╭──
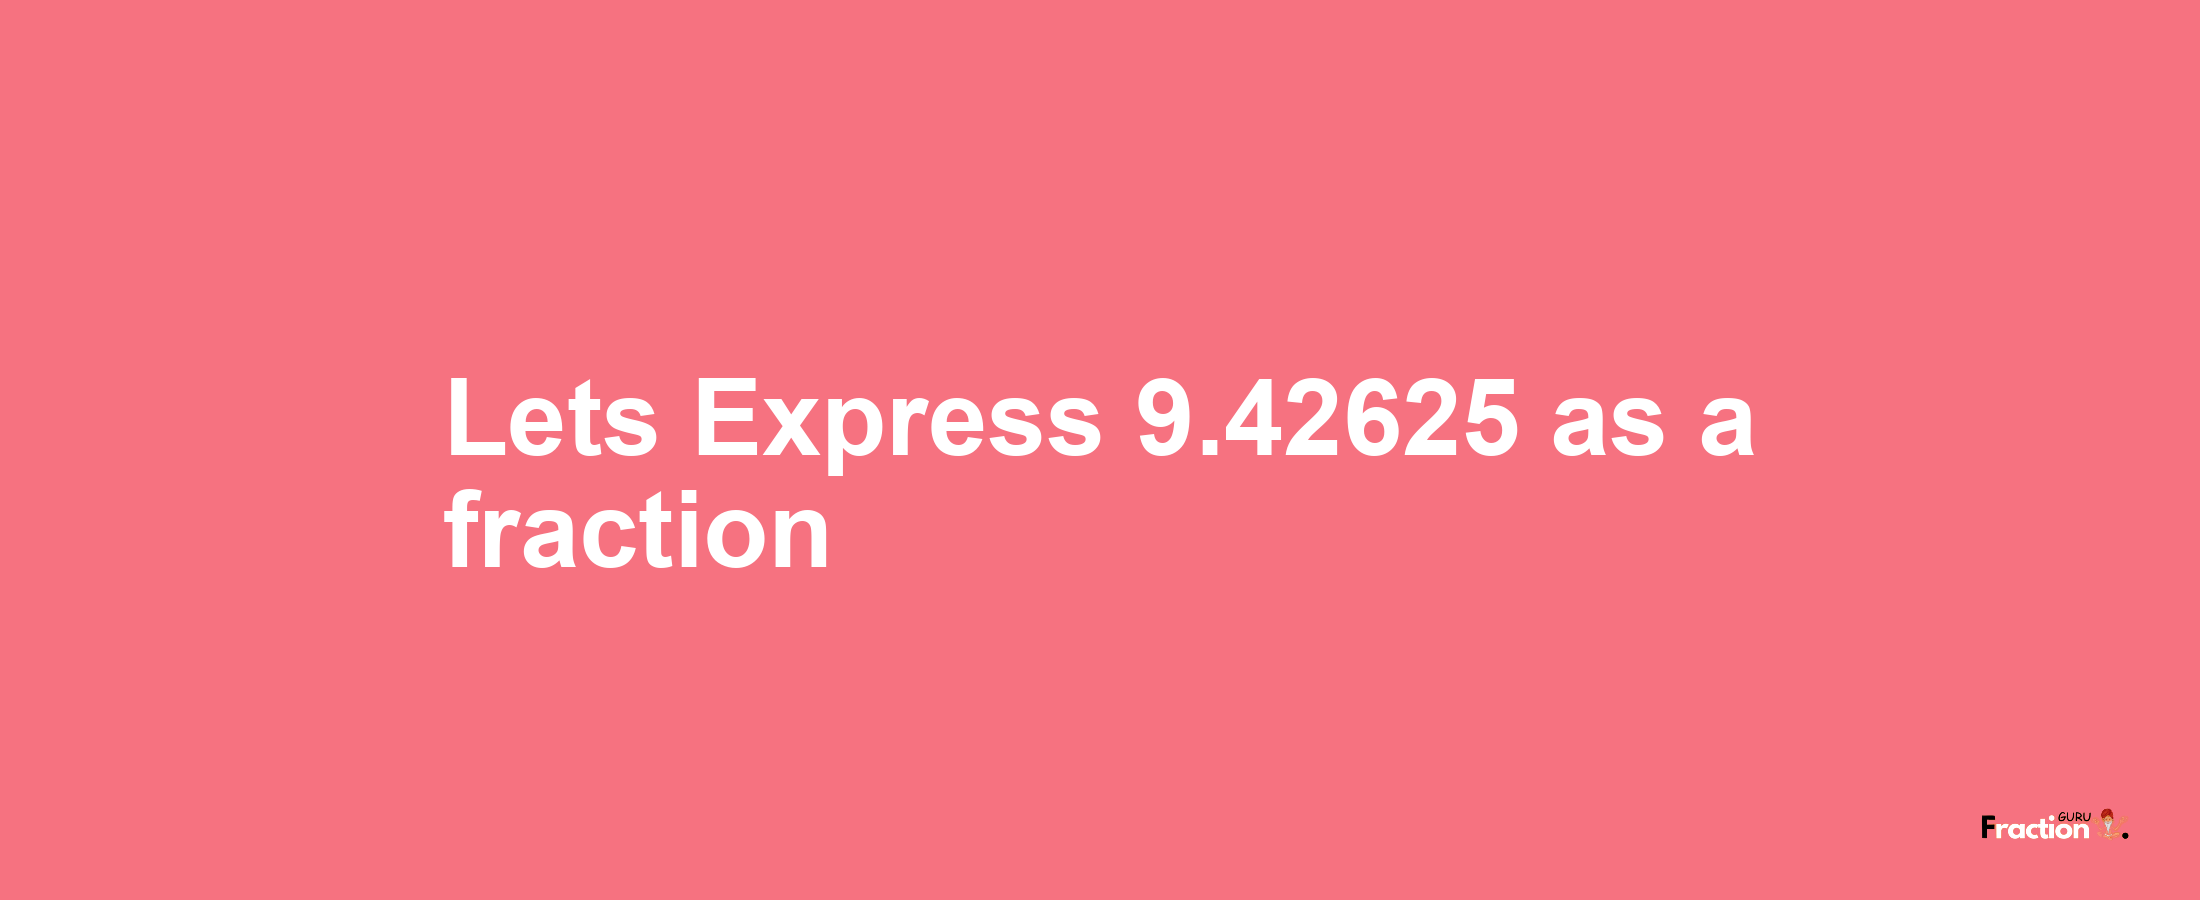 Lets Express 9.42625 as afraction
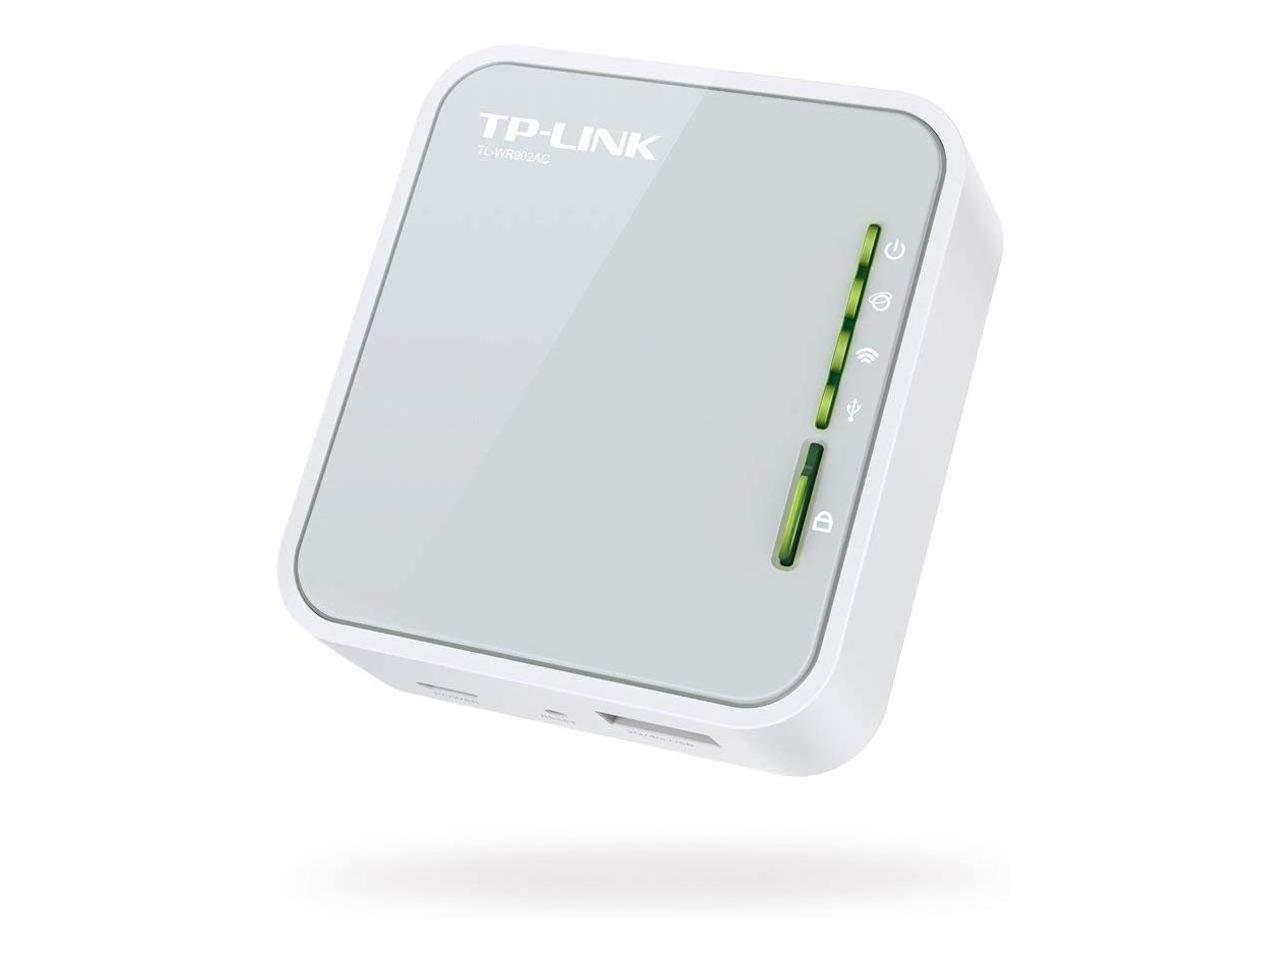 Mobile in Pocket WiFi Bridge/Range Extender/Access Point/Client Modes TL-WR902AC TP-Link AC750 Wireless Portable Nano Travel Router Renewed 
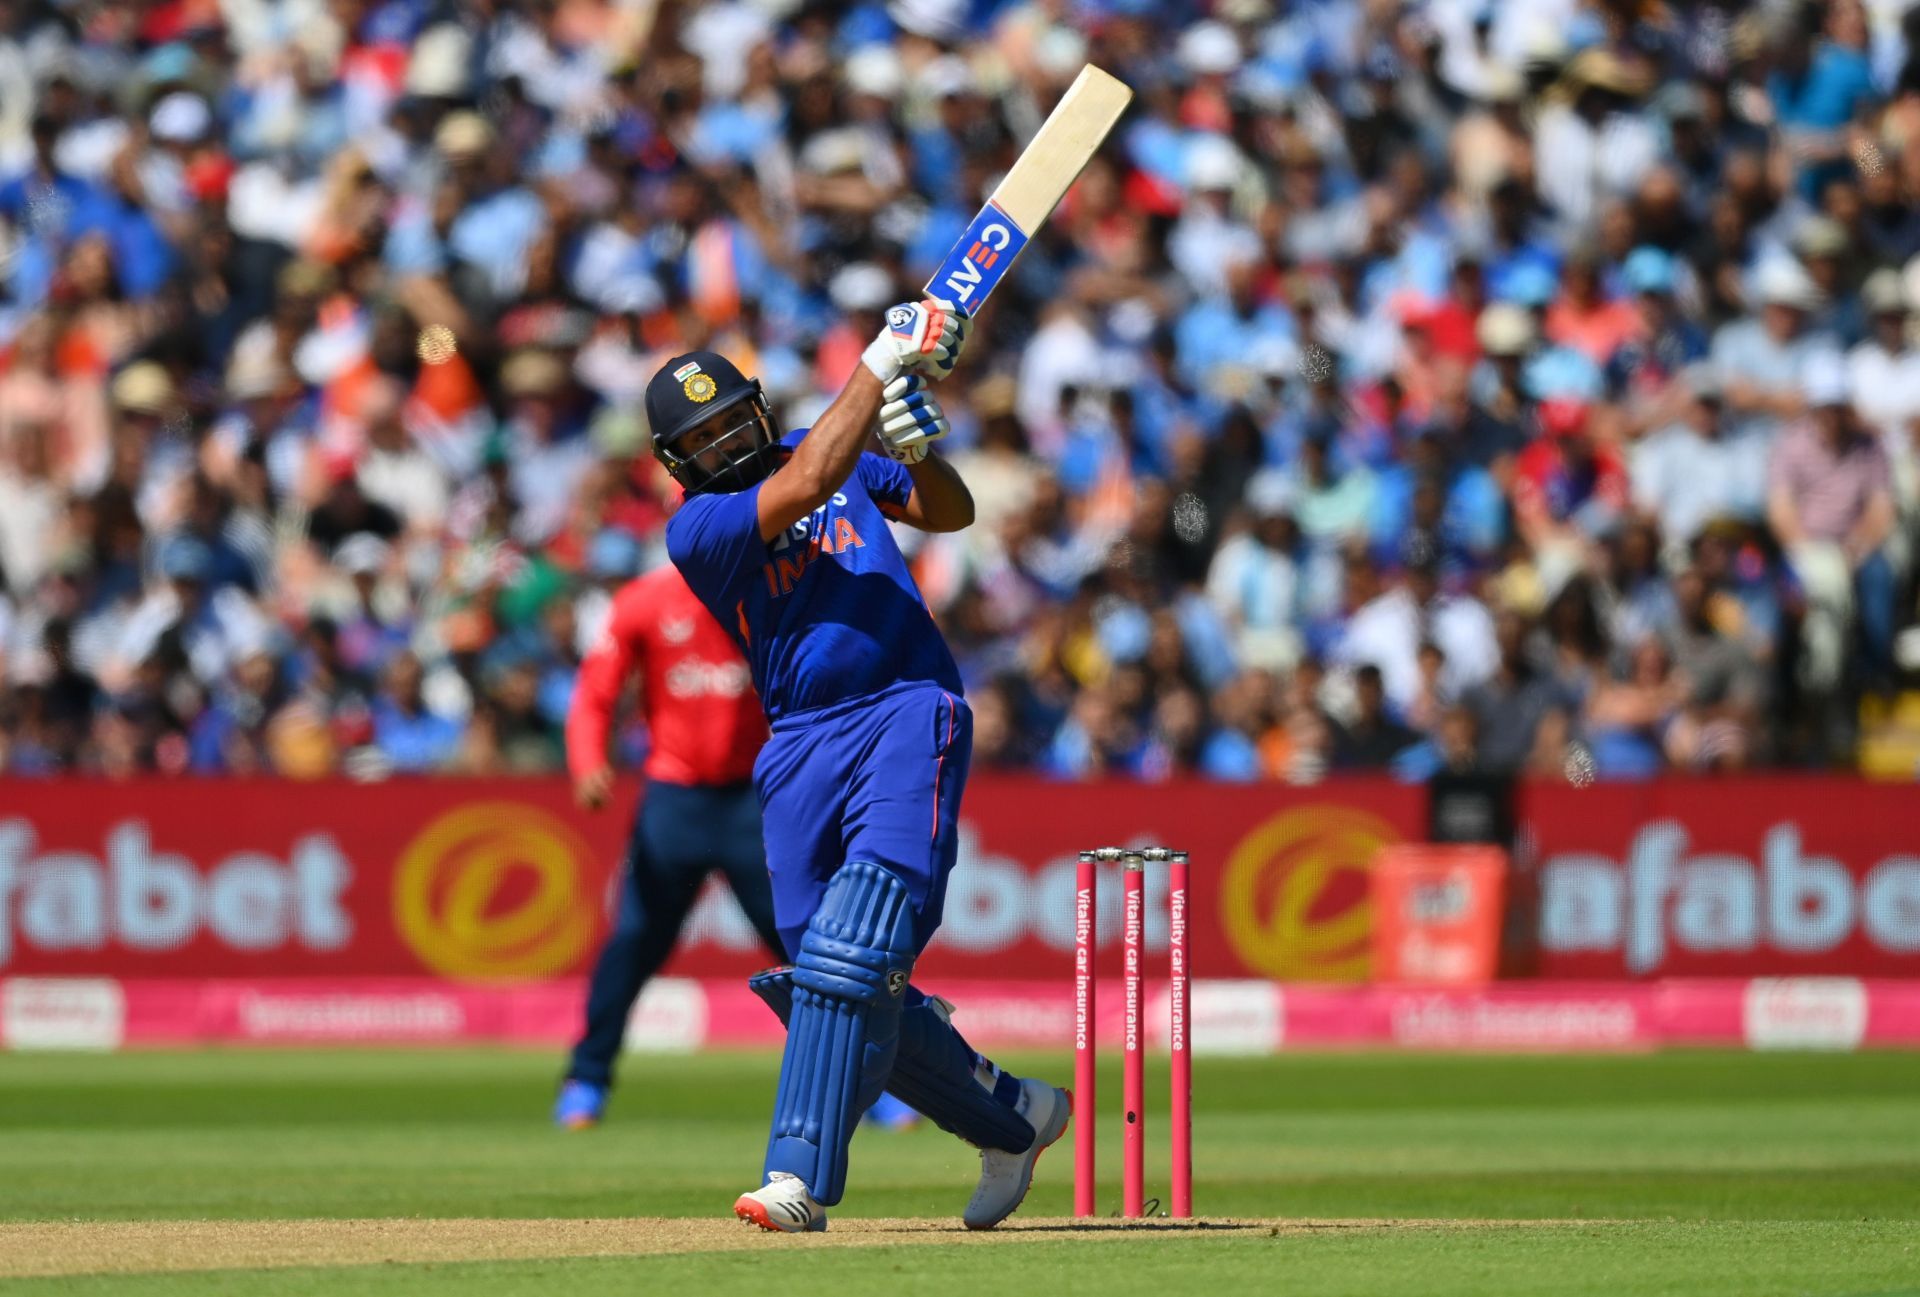 Rohit Sharma will aim to fire with the bat in the powerplay.
╰──
What to do
Set the whole listing down again unchanged, apart from the pictures, which are omitted.

Reply
 Lets Express 9.42625 as afraction
 Mobile in Pocket WiFi Bridge/Range Extender/Access Point/Client Modes TL-WR902AC TP-Link AC750 Wireless Portable Nano Travel Router Renewed 
 Rohit Sharma will aim to fire with the bat in the powerplay.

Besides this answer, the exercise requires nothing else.